I'm starting to think that this looks a lot like iteration (semi)groups, but I don't have a clear idea of how they're related at the moment.

Andrew Robbins
The more I think about it, I think it is possible to show that:
• $((1, \infty), \mathbb{R}^{+}, x^{x^{y-1}}, 1)$ is a poweroid if the inverse functions are understood a bit more.
• $((1, \infty), \mathbb{R}^{+}, {\uparrow}{\uparrow}, 1)$ is a poweroid, regardless of the extension. The only requirement I can think of is monotonicity.
• $((1, \infty), \mathbb{R}^{+}, {\uparrow}{\uparrow}{\uparrow}, 1)$ is a poweroid, etc.

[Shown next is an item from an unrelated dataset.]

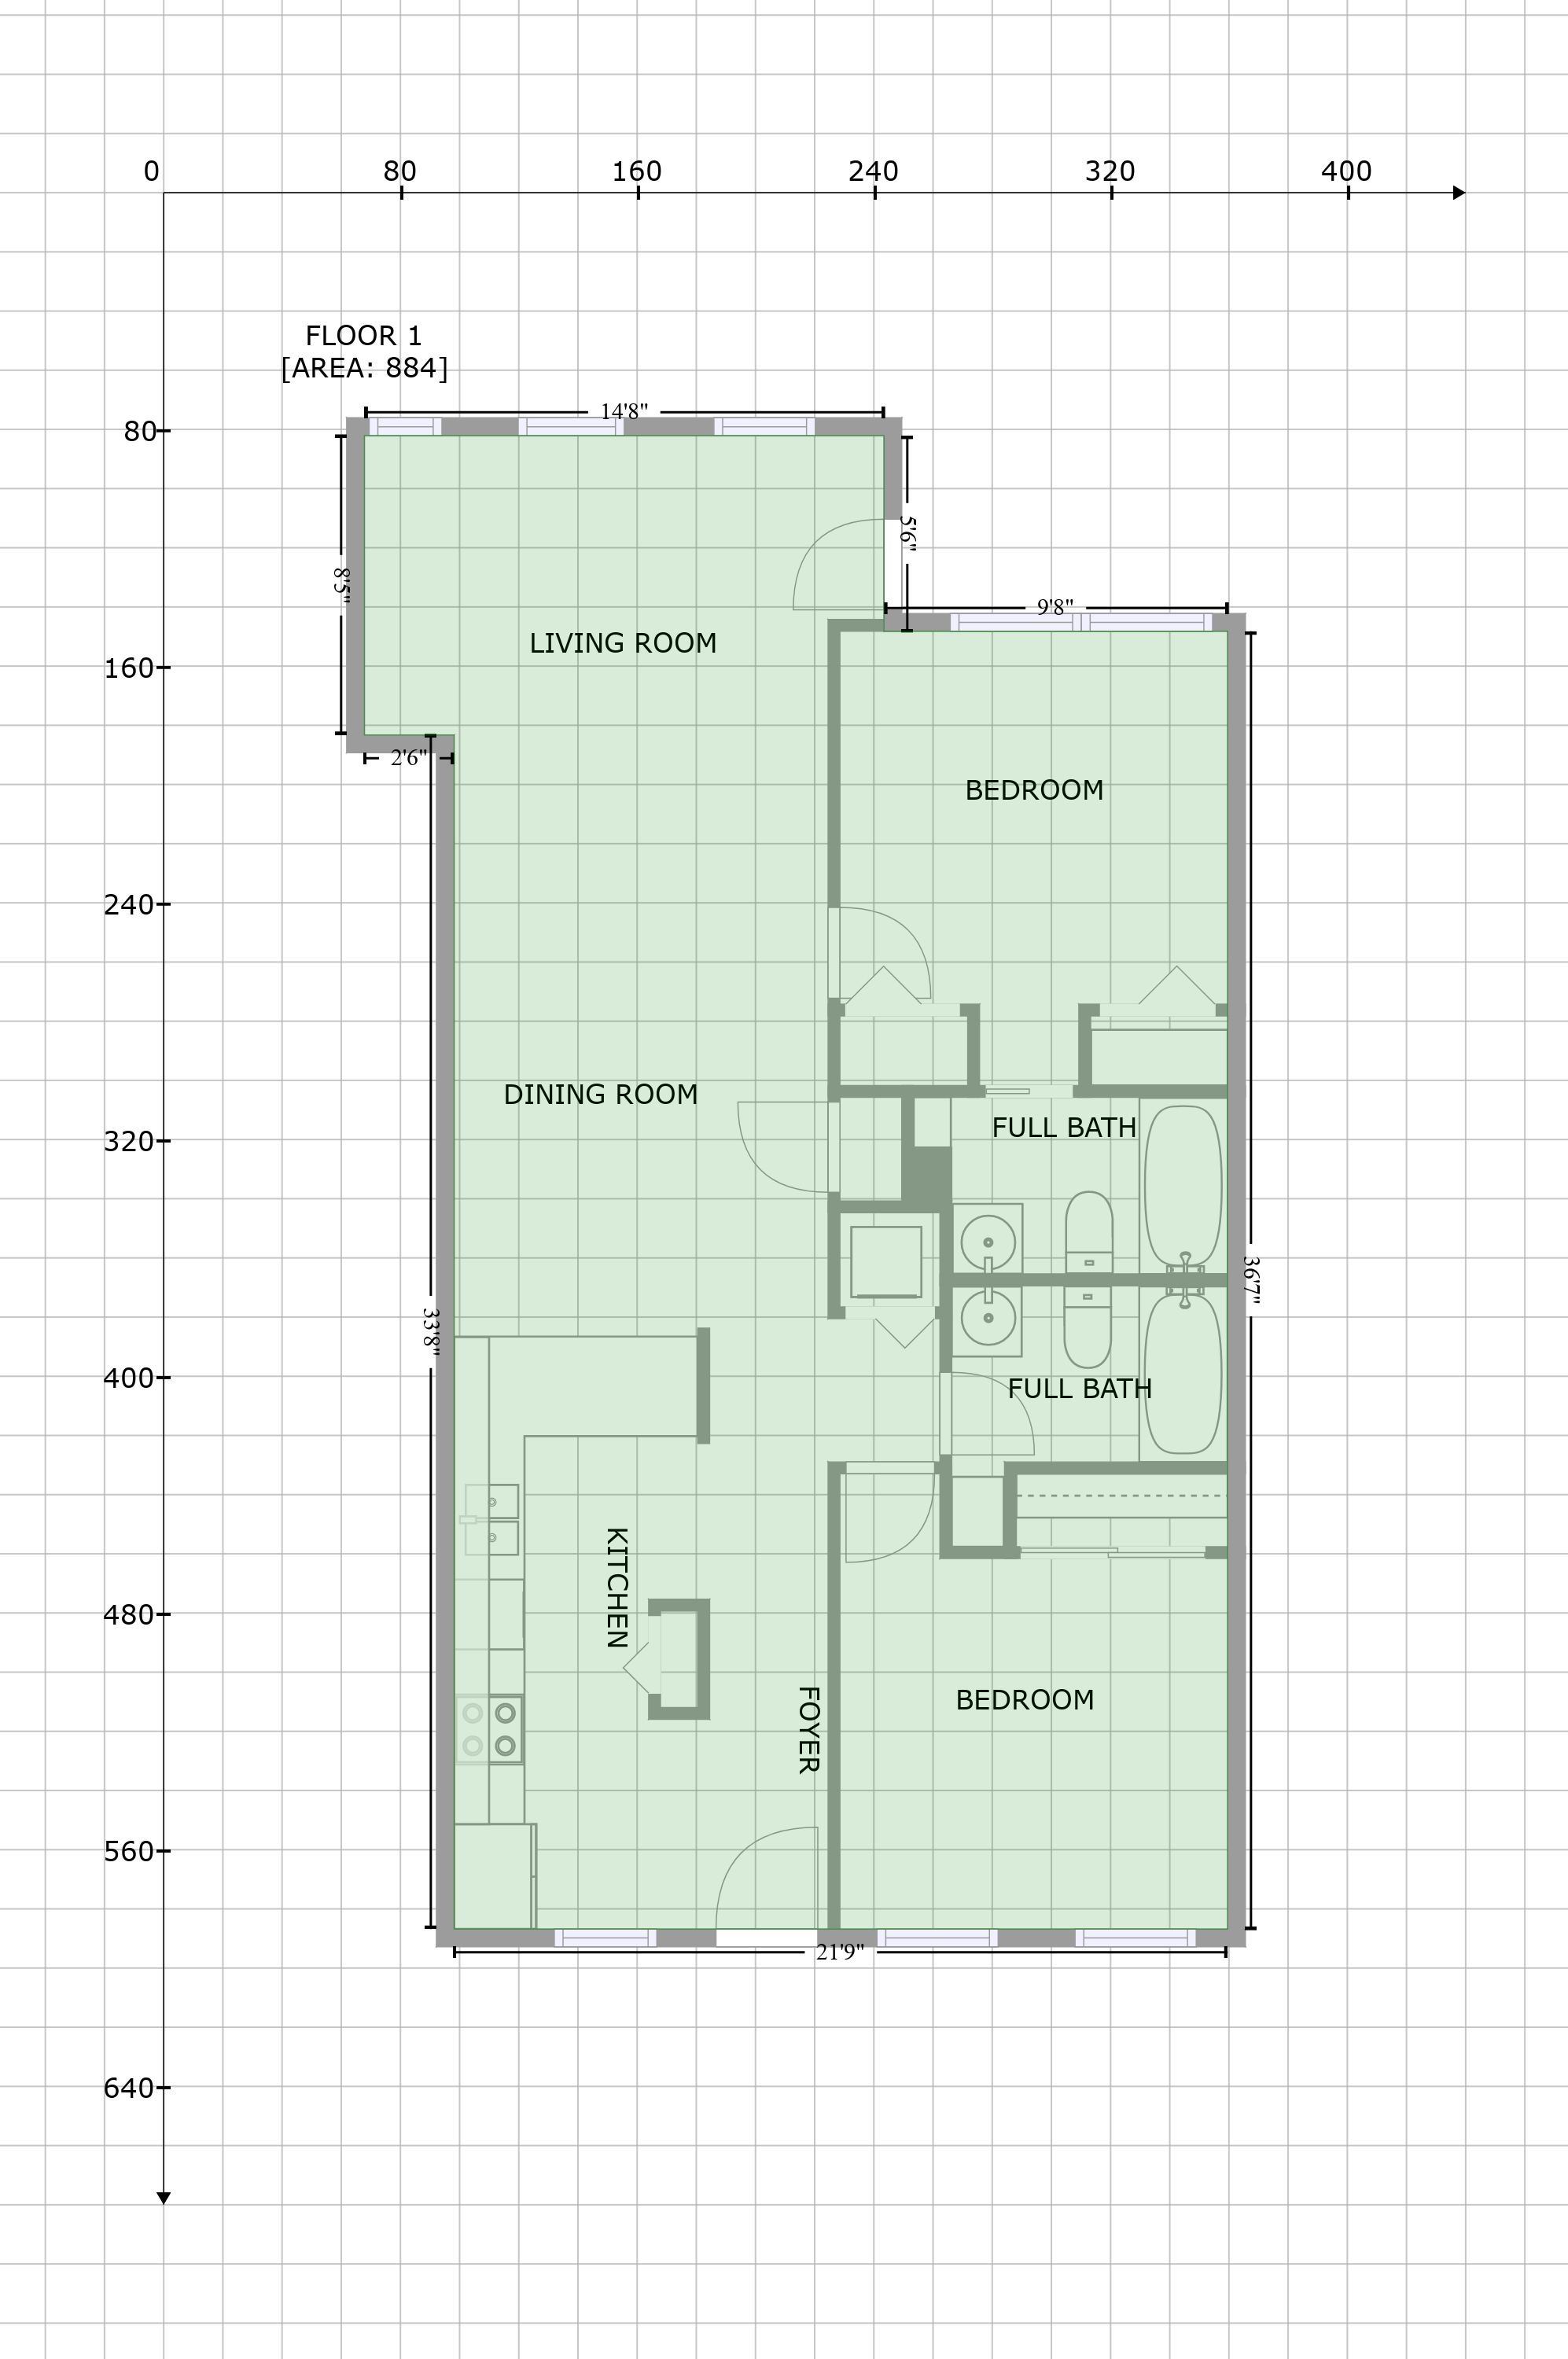 Gross Livable Floor Plan Example for Real Estate

I think there are also poweroids with these operations (lower tetration, standard tetration, etc.) over complex domains, such as the one for exponentiation with the unit circle... but I'm not sure how exactly it would work for an arbitrary tetration extension.
(12/18/2009, 08:13 AM)andydude Wrote: [ -> ]
• $(\mathbb{R}^{+}-\{1\},\ \mathbb{R}^{+},\ \uparrow,\ 1)$ forms a poweroid.
...
Andrew Robbins

SCRATCH THAT! it is false.

$\{1/2,\ 2\} \subset \mathbb{R}^{+}-\{1\}$, but $\log_2(1/2) = -1$ which is not a member of the positive reals. However, with the slight modification
• $(\mathbb{R}^{+}-\{1\},\ \mathbb{R}-\{0\},\ \uparrow,\ 1)$ forms a poweroid.
I believe the statement is true.

The reason why 0 and 1 must be excluded is so that $\sqrt[y]{x}$ is uniquely defined. If we include 1, 0 in the base domain, exponent domain respectively, then roots are not uniquely defined, at which point it stops being a poweroid.